Debbo lavare tutti i bicchieri prima d'andare a letto.»
«Posso chiederti ancora una volta...»
«Che c'è adesso?»
«...di non scrivere al nipote di Edward?» Ricky si alzò, col cuore
che gli batteva per quella sua audacia.
«Sai essere insistente, vero? Certo che puoi chiedermelo, ma la
prossima volta che ci riuniremo lui avrà già ricevuto la mia lettera.
Credo sia la cosa migliore.»
Ricky fece una smorfia, e Sears disse: «Insistente senz'essere
aggressivo». Parole che anche Stella era solita dirgli. Ma poi Sears
lo sorprese soggiungendo: «È una bella qualità, Ricky».
Nell'atrio gli tenne il soprabito. «M'è parso che stasera John avesse
un aspetto peggiore del solito» disse Ricky. Sears aprì la porta
d'ingresso e videro la notte rischiarata da un lampione lì davanti.

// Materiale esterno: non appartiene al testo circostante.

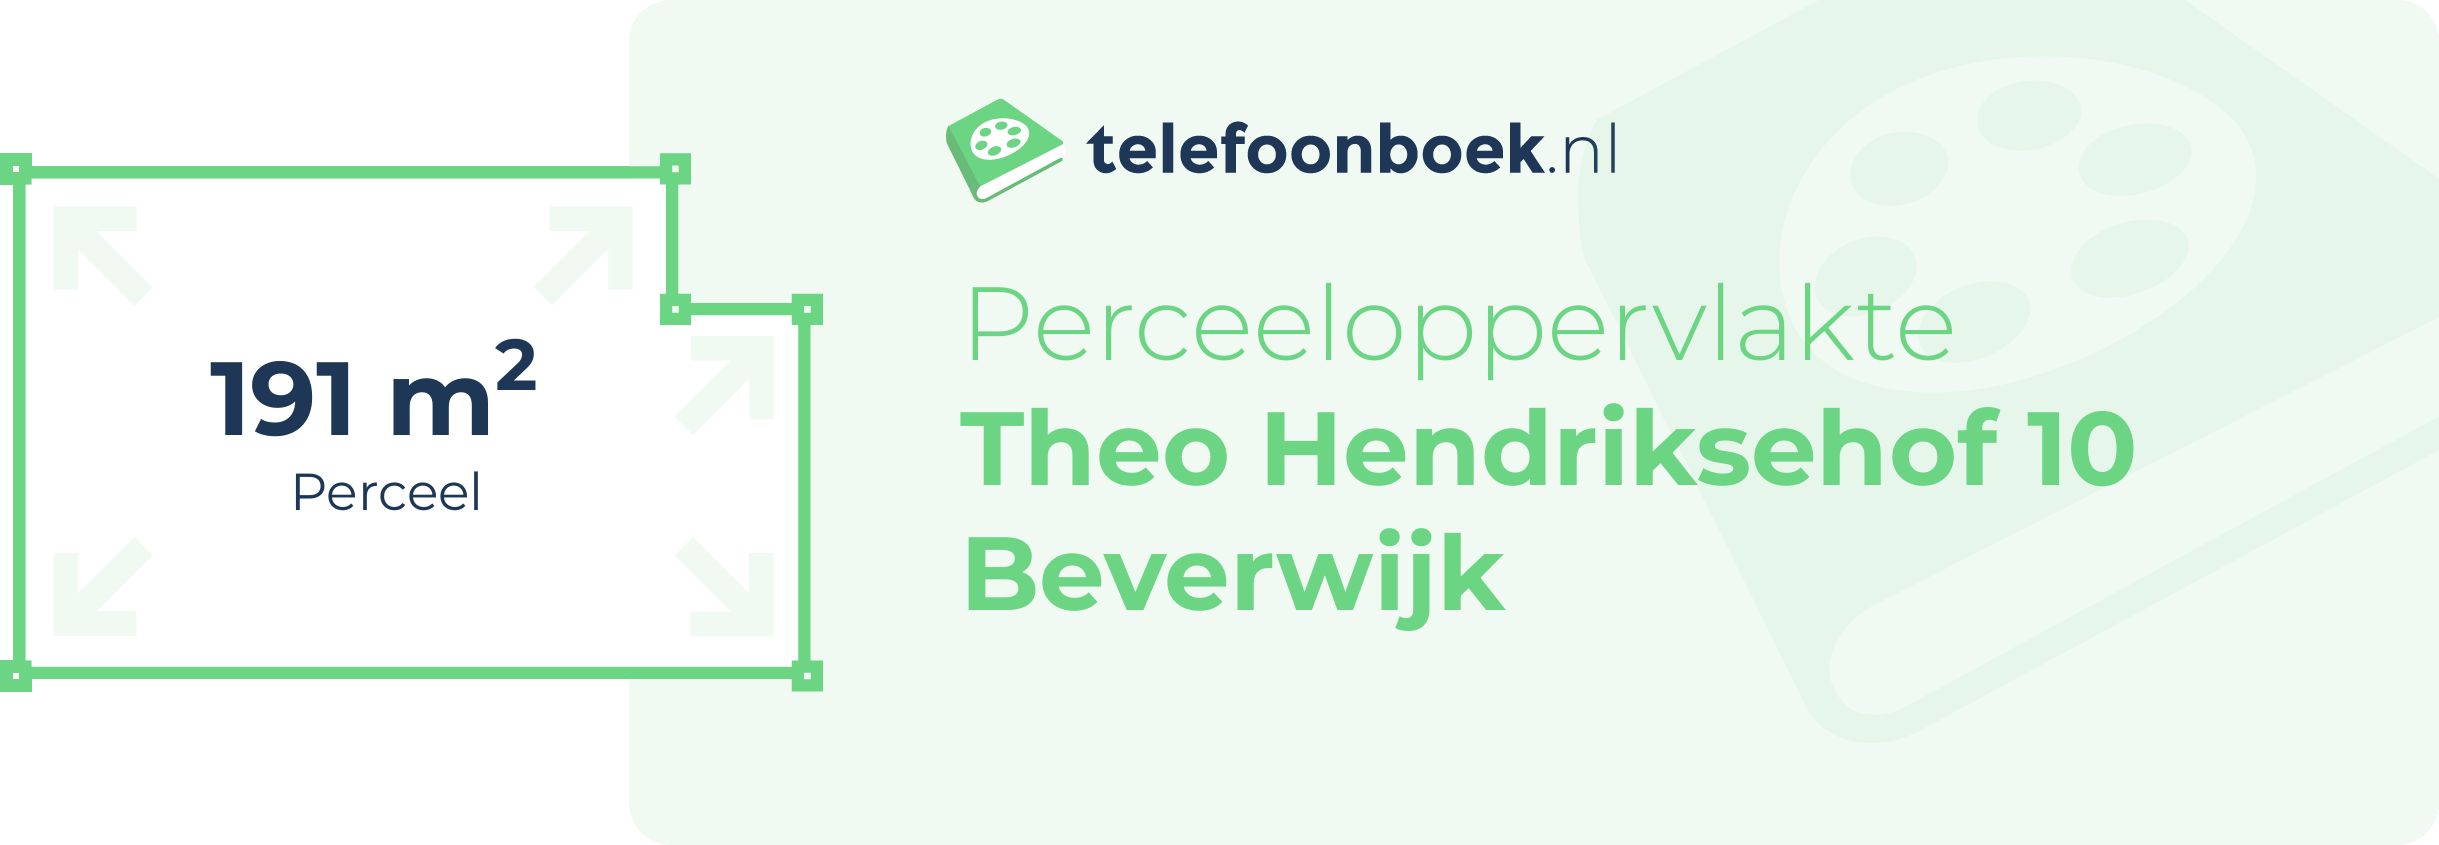 Perceeloppervlakte Theo Hendriksehof 10 Beverwijk

Una luminosità arancione cadeva sul praticello morto e sullo stretto
marciapiede, sulle foglie secche che li ricoprivano. Grosse nubi
scure si muovevano nel cielo nero; sembrava proprio inverno.

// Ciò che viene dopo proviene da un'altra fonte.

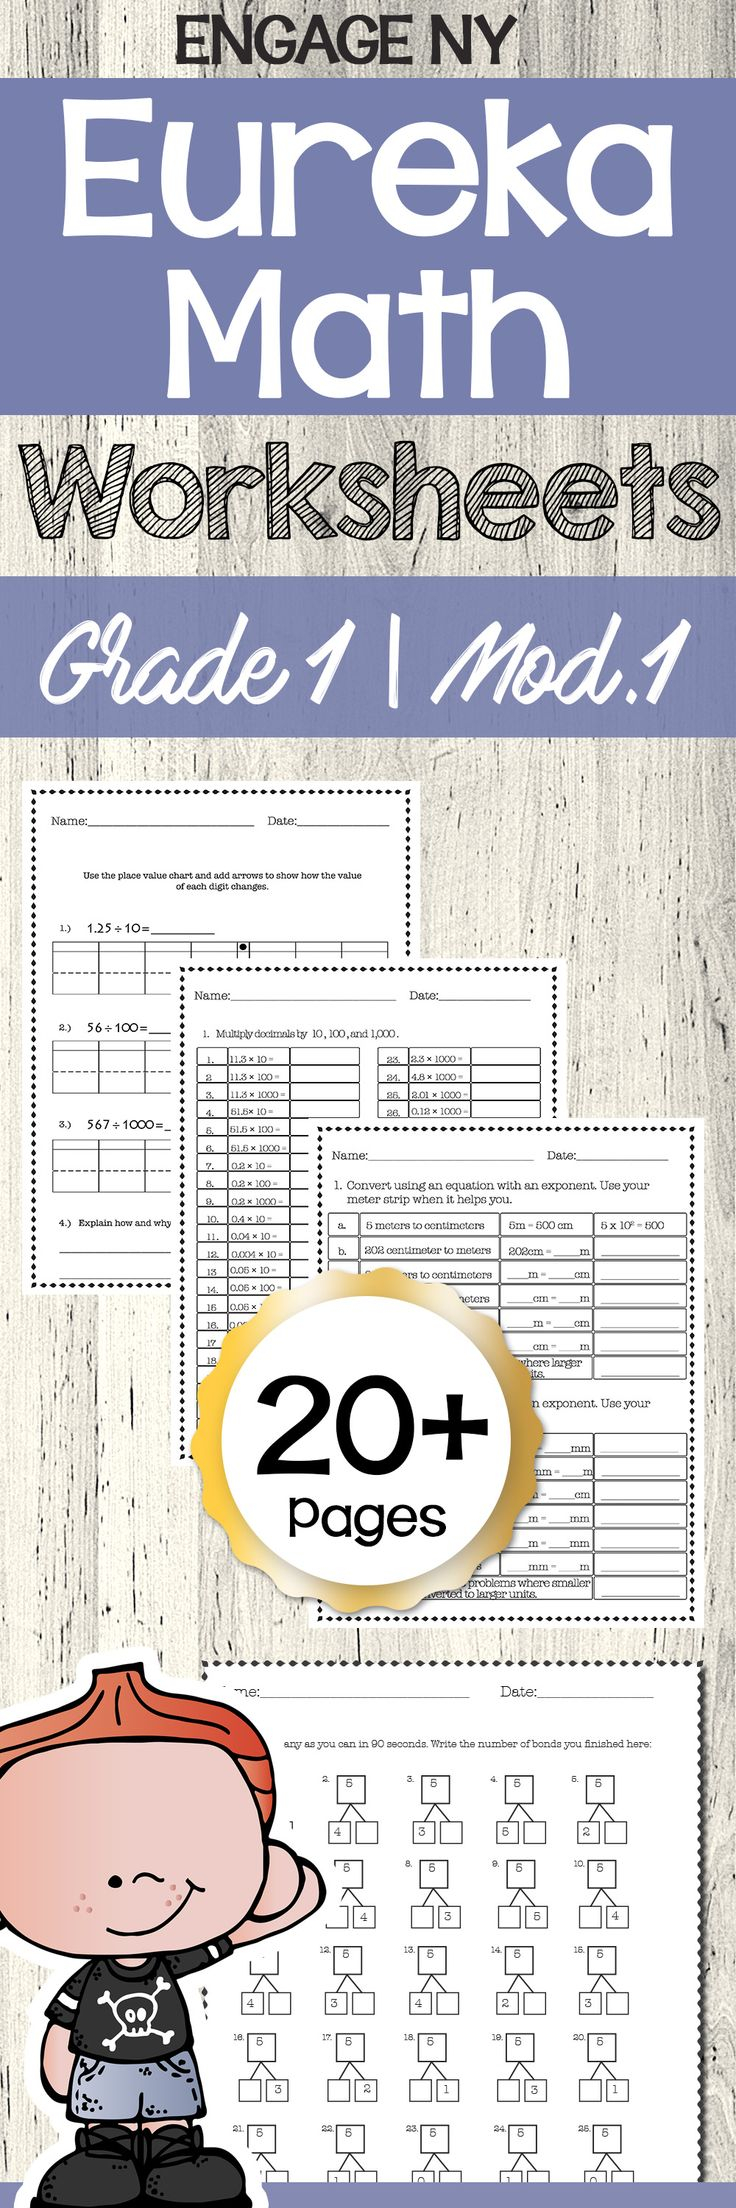 Eureka Math Engage NY 1st Grade Extra Worksheets MODULE 1

«John sta morendo» disse Sears senza emozione alcuna,
echeggiando quel che anche Ricky aveva pensato. «Ci vediamo allo
studio. I miei omaggi a Stella.»
Poi la porta si richiuse lasciandolo fuori, un omettino elegante che
già cominciava a rabbrividire nella gelida aria notturna.
SECONDA PARTE

Sears James

Trascorrevano quasi tutti i giorni insieme nel loro studio, ma Ricky


onorò la tradizione attendendo la riunione in casa del dottor Jaffrey
per chiedere a Sears quel che da due settimane aveva in mente:
«Hai spedito la lettera?».
«Certamente, t'ho detto che l'avrei fatto.»
«Cosa gli hai scritto?»
«Quel che abbiamo concordato. Ho anche menzionato la casa, e gli
ho detto che ci auguriamo che non la venda senza prima averla
ispezionata, Contiene ancora tutte le cose di Edward, naturalmente,
compresi i suoi nastri. Se noi non abbiamo avuto il coraggio di
controllarli, forse vorrà farlo lui.»
Stavano un po' in disparte dagli altri due, appena oltre la soglia del
soggiorno di John Jaffrey. John e Lewis si erano seduti sulle
poltrone vittoriane in un angolo, e parlavano con la governante del
dottore, Milly Sheehan: seduta su uno sgabello davanti a loro,
teneva sulle ginocchia un vassoio a fiori con i bicchieri. Come la
moglie di Ricky, Milly non amava essere esclusa dalle riunioni della
Chowder Society; ma diversamente da Stella Hawthorne si
soffermava di continuo ai margini delle riunioni, penetrandovi ogni
tanto con bacinelle dì cubetti di ghiaccio e panini e tazze di caffè.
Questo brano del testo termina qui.